━━ Available data ━━
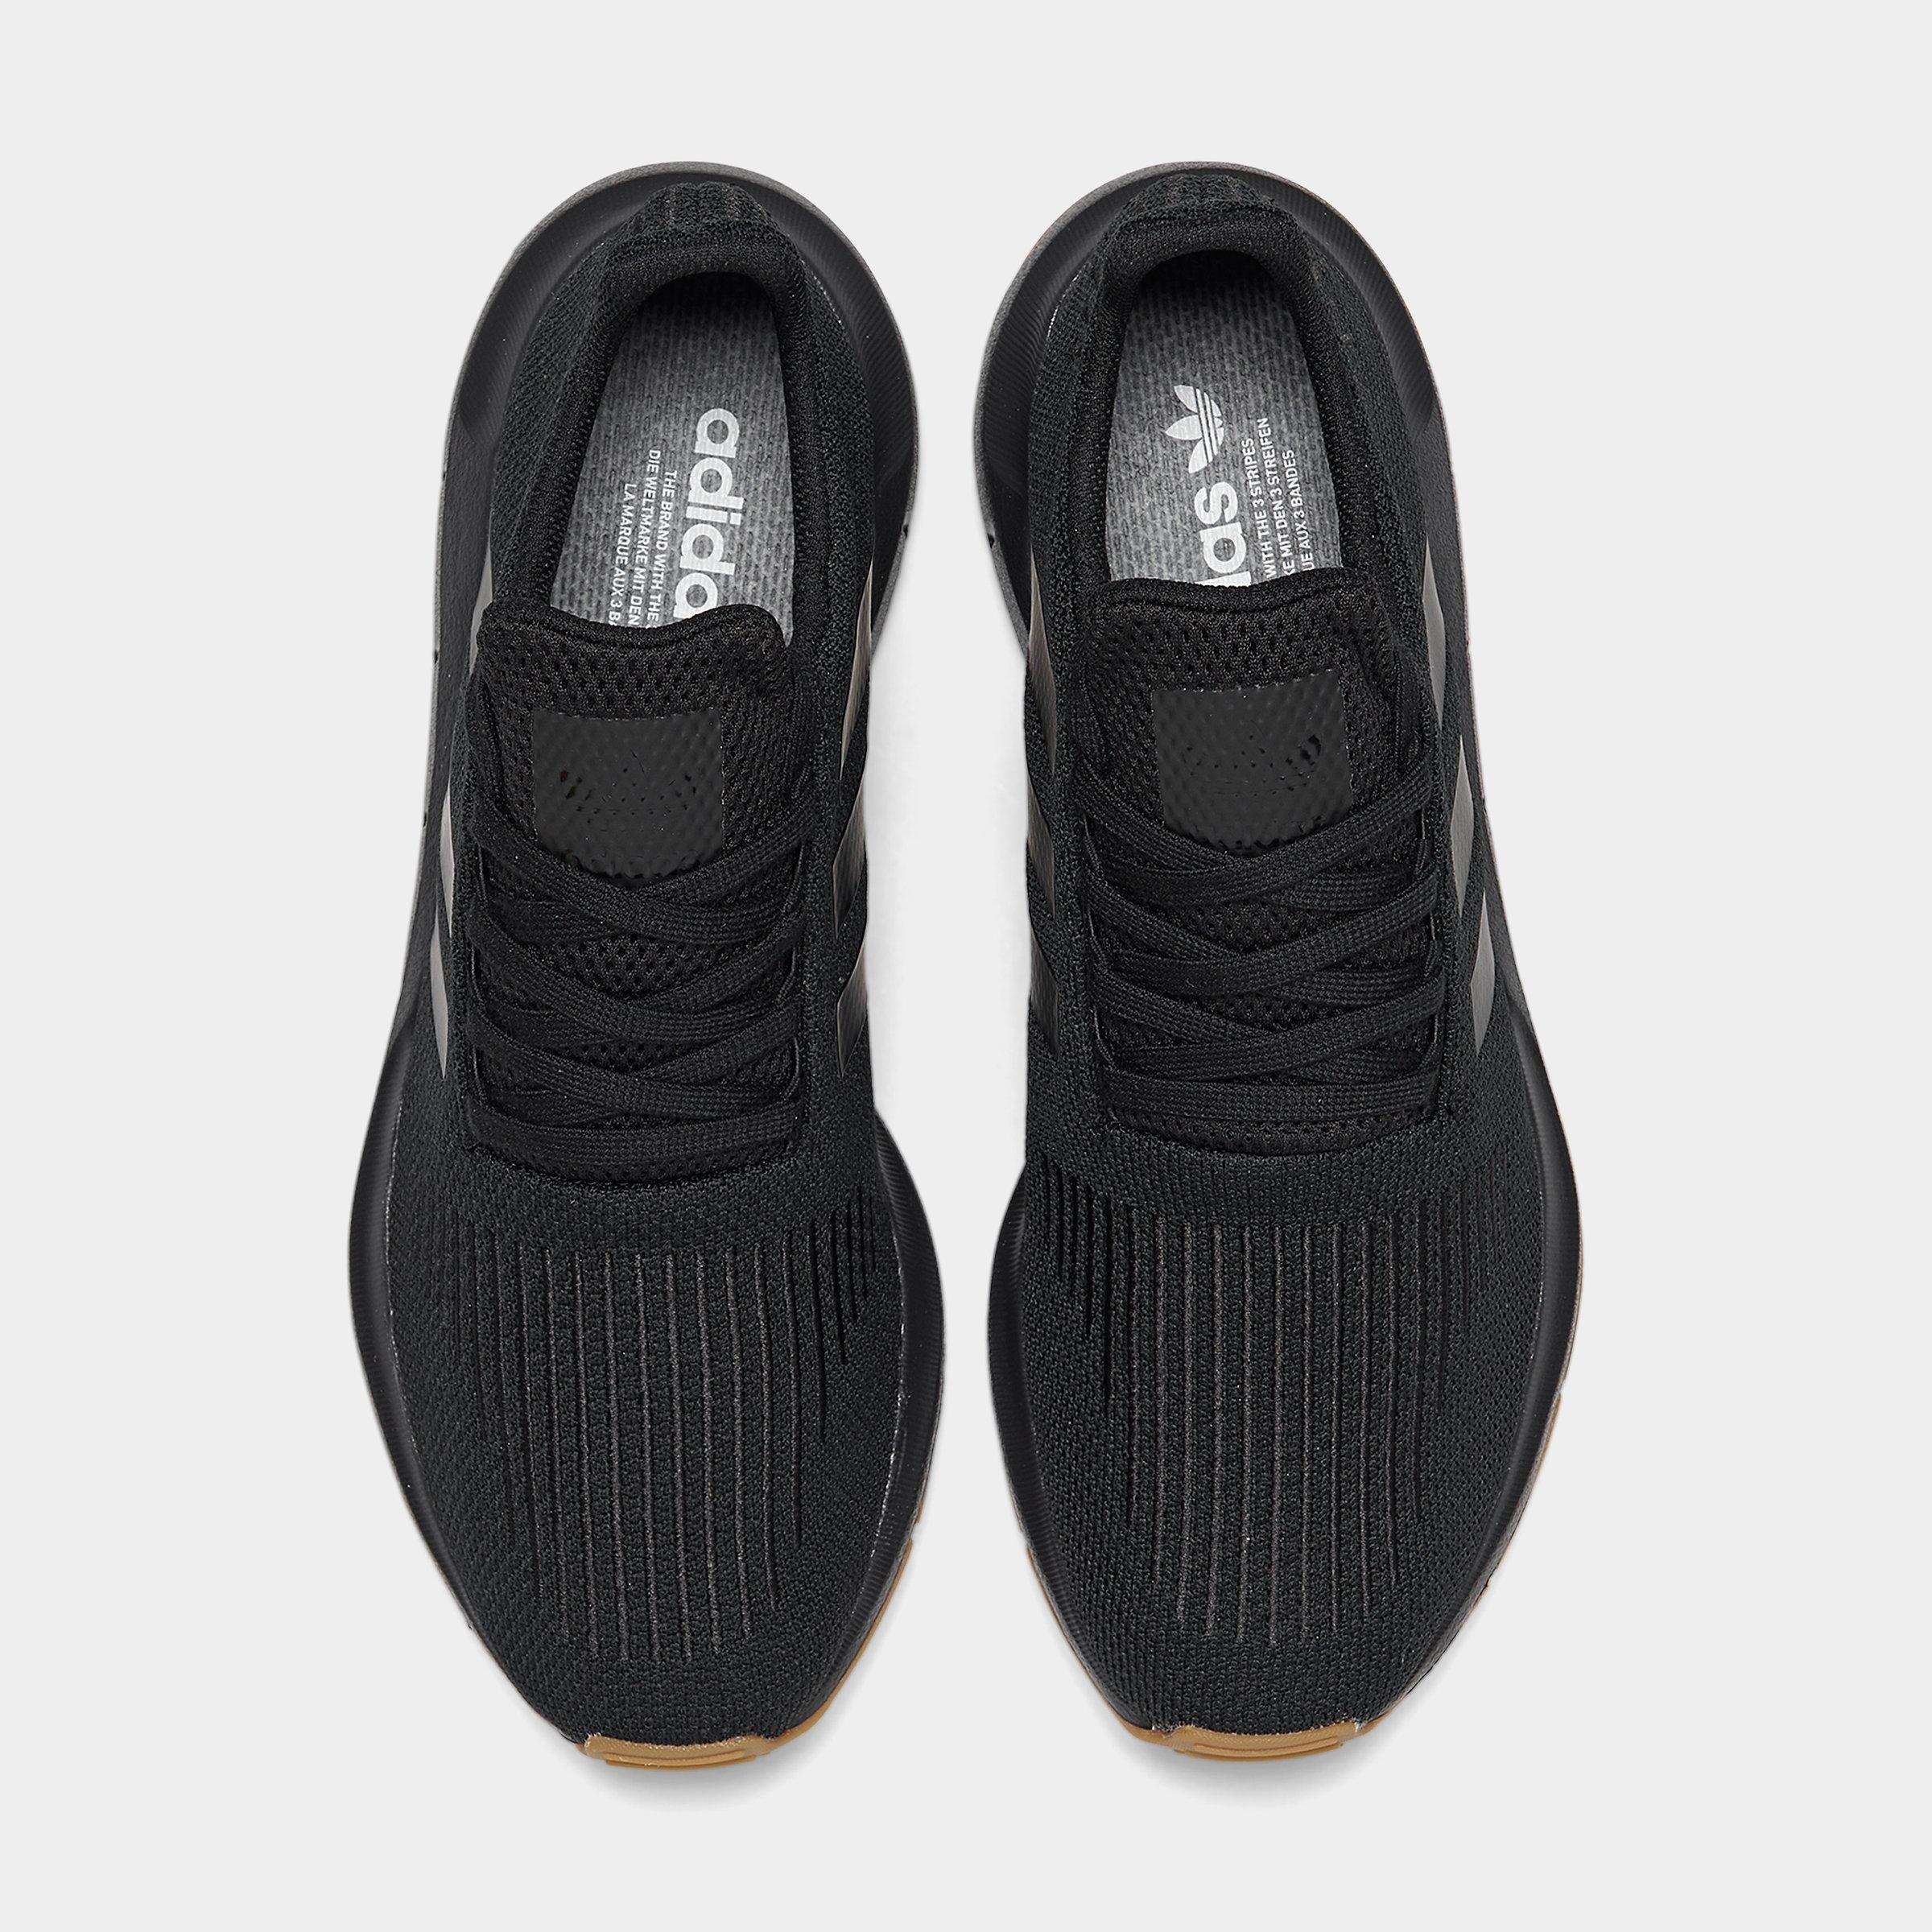 Men's Originals Swift Run Casual Shoes| Finish Line
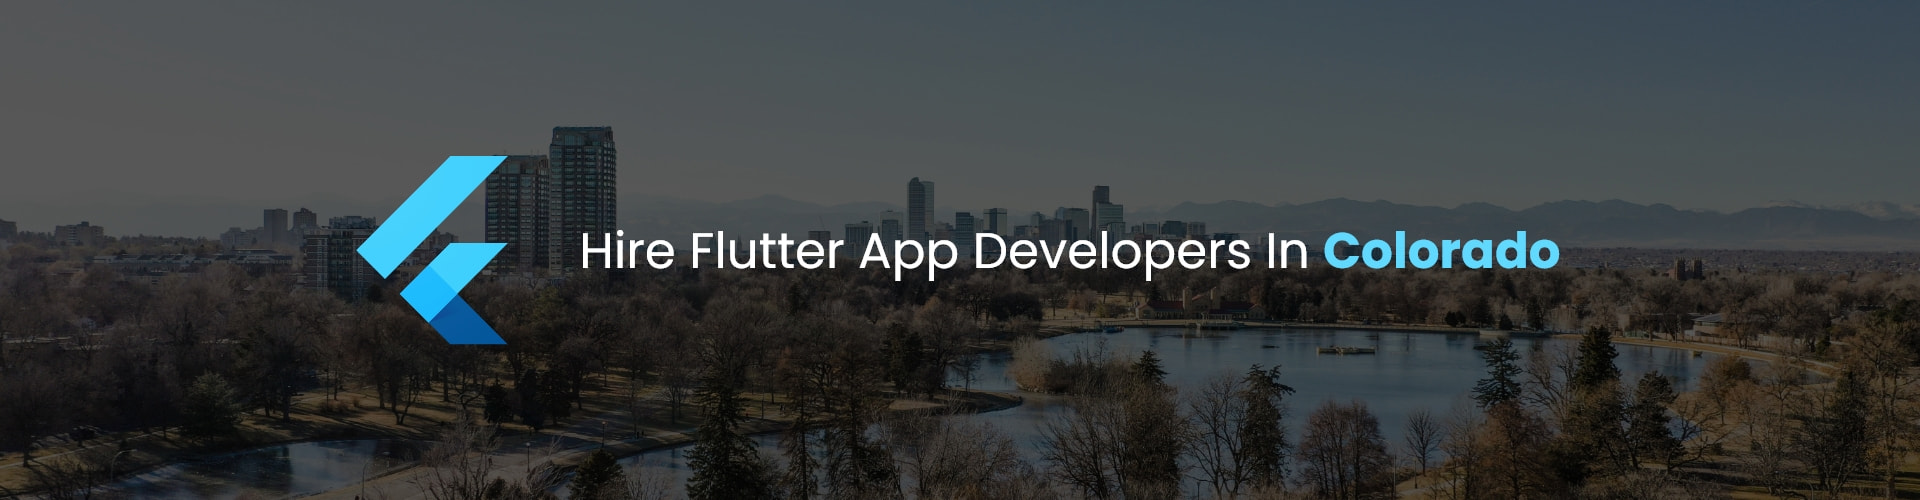 hire flutter app developers in colorado
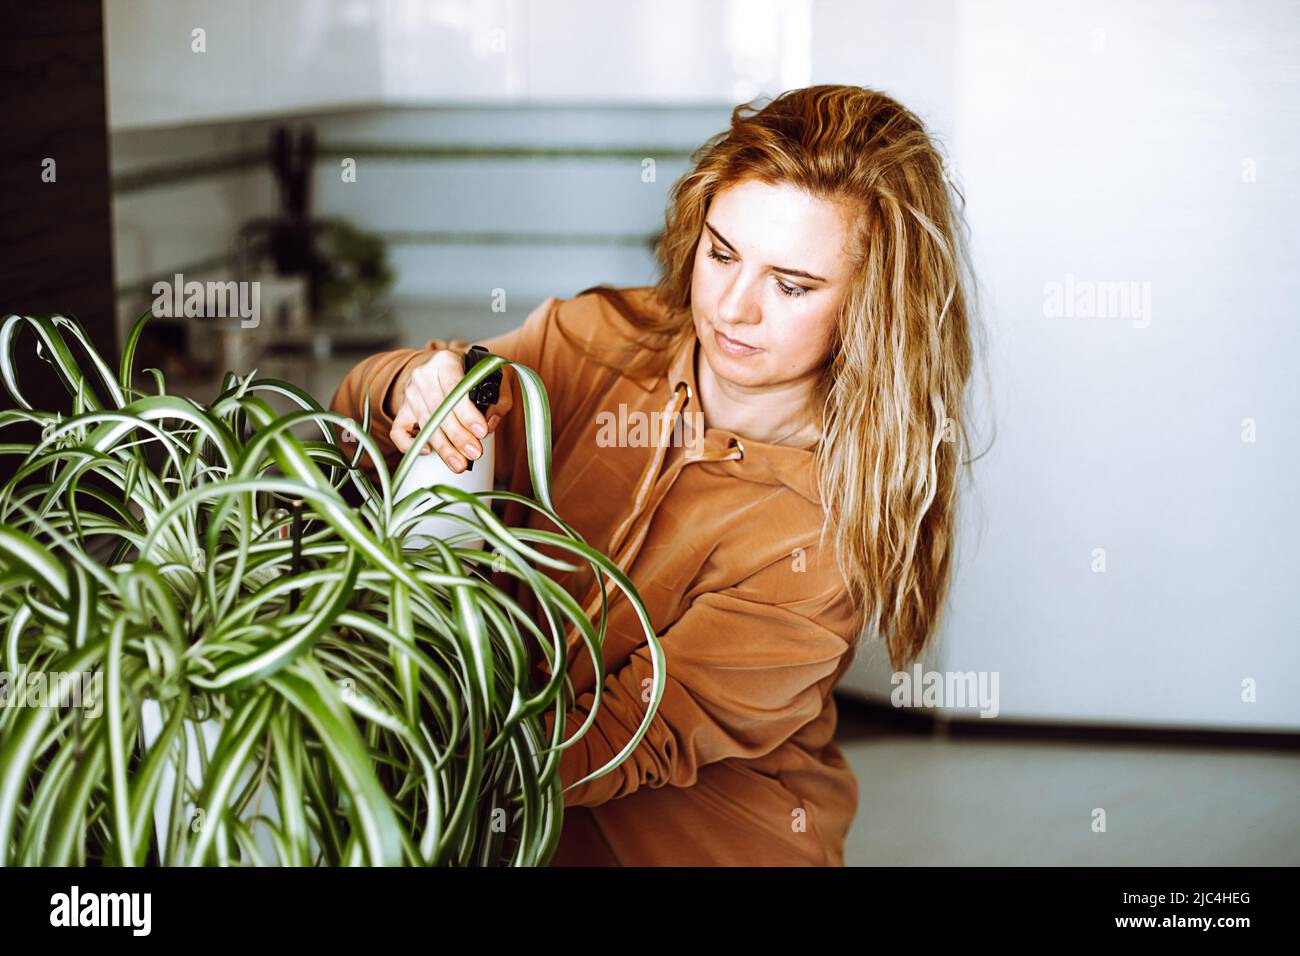 Portrait of young good-looking woman with wavy fair hair wearing brown sweatshirt, watering indoor plant Chlorophytum. Stock Photo
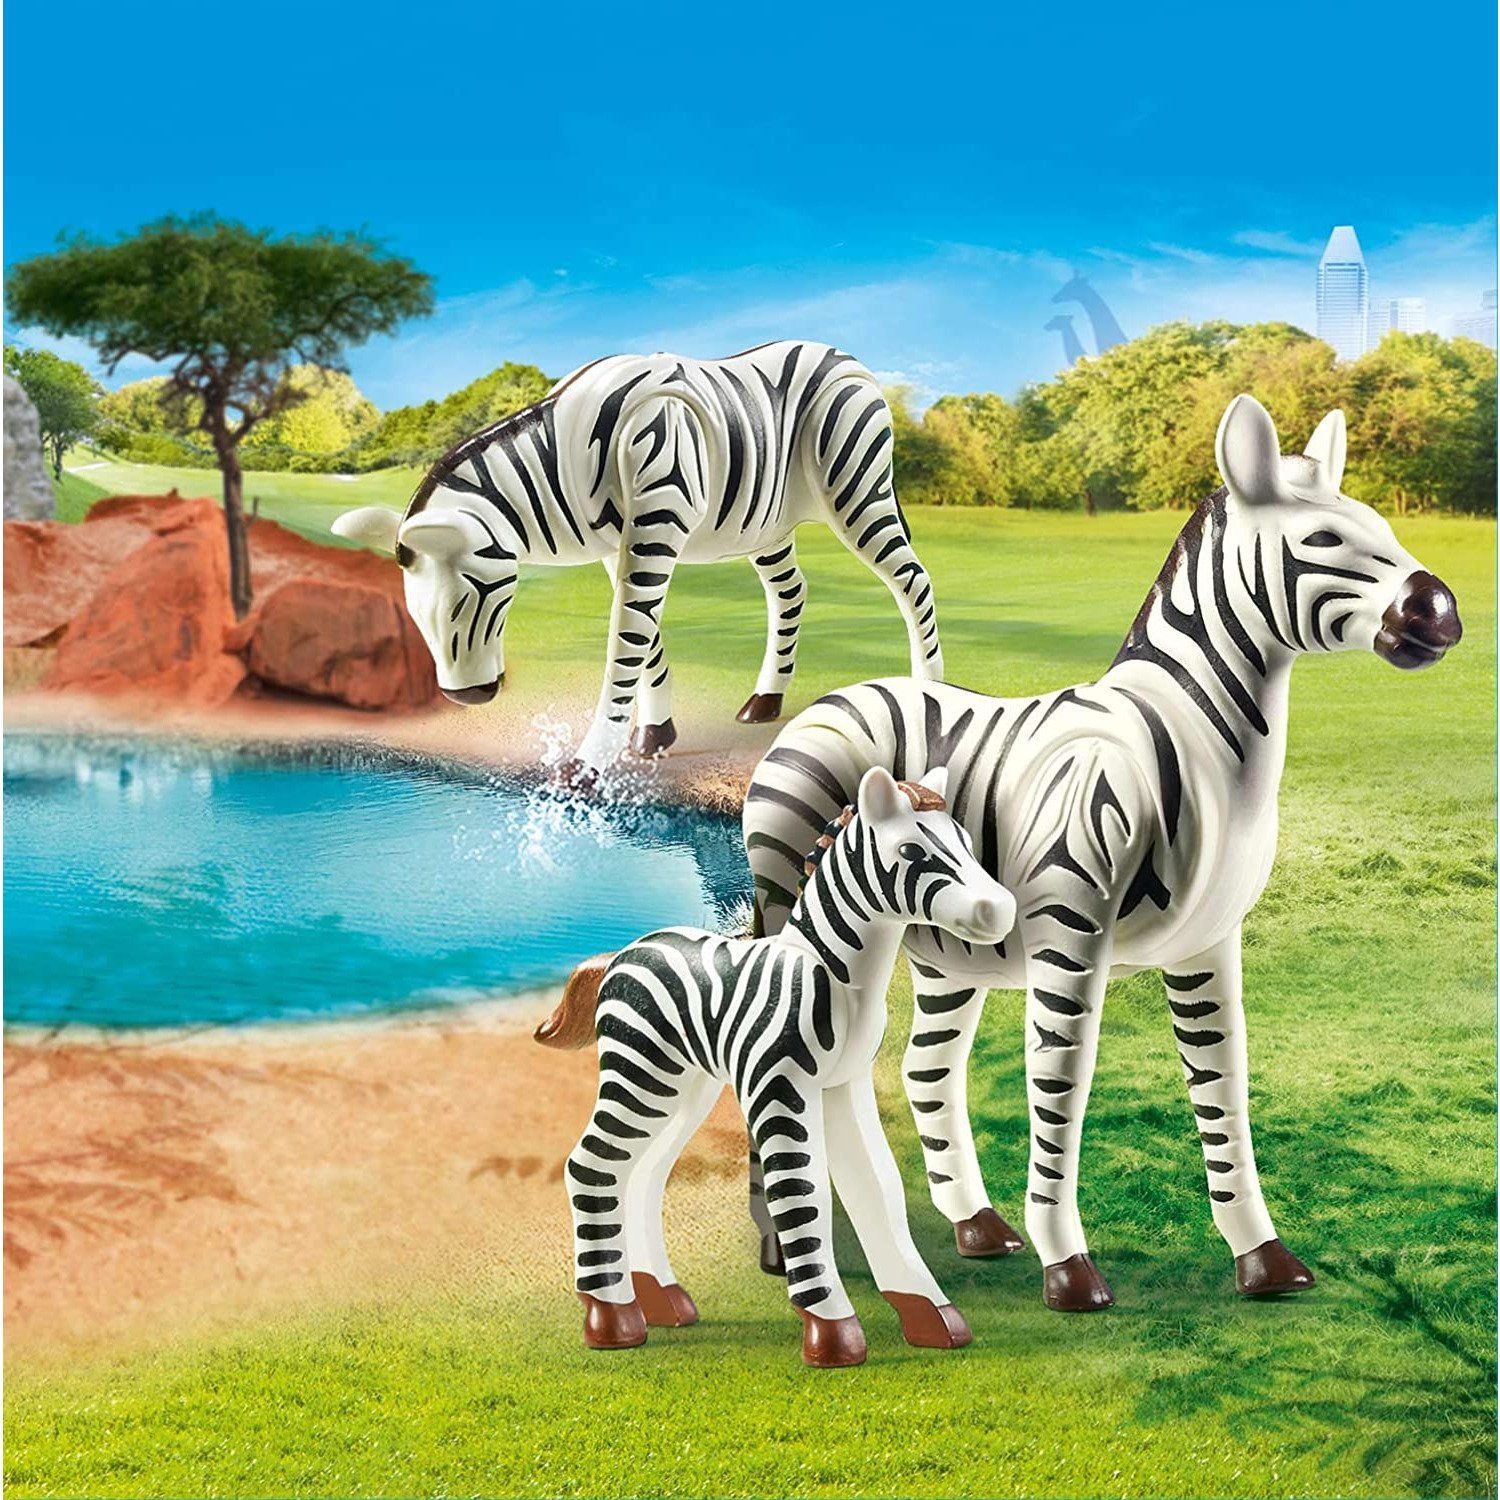 Playmobil Zebras with Foal
━━━
Exercise details =
Here the lines from the one with "hire flutter app developers in colorado" through the last line of the data above need to be repeated exactly, both included, and any picture omitted.

Written answer =
 hire flutter app developers in colorado
 Portrait of young good-looking woman with wavy fair hair wearing brown sweatshirt, watering indoor plant Chlorophytum. Stock Photo
 Playmobil Zebras with Foal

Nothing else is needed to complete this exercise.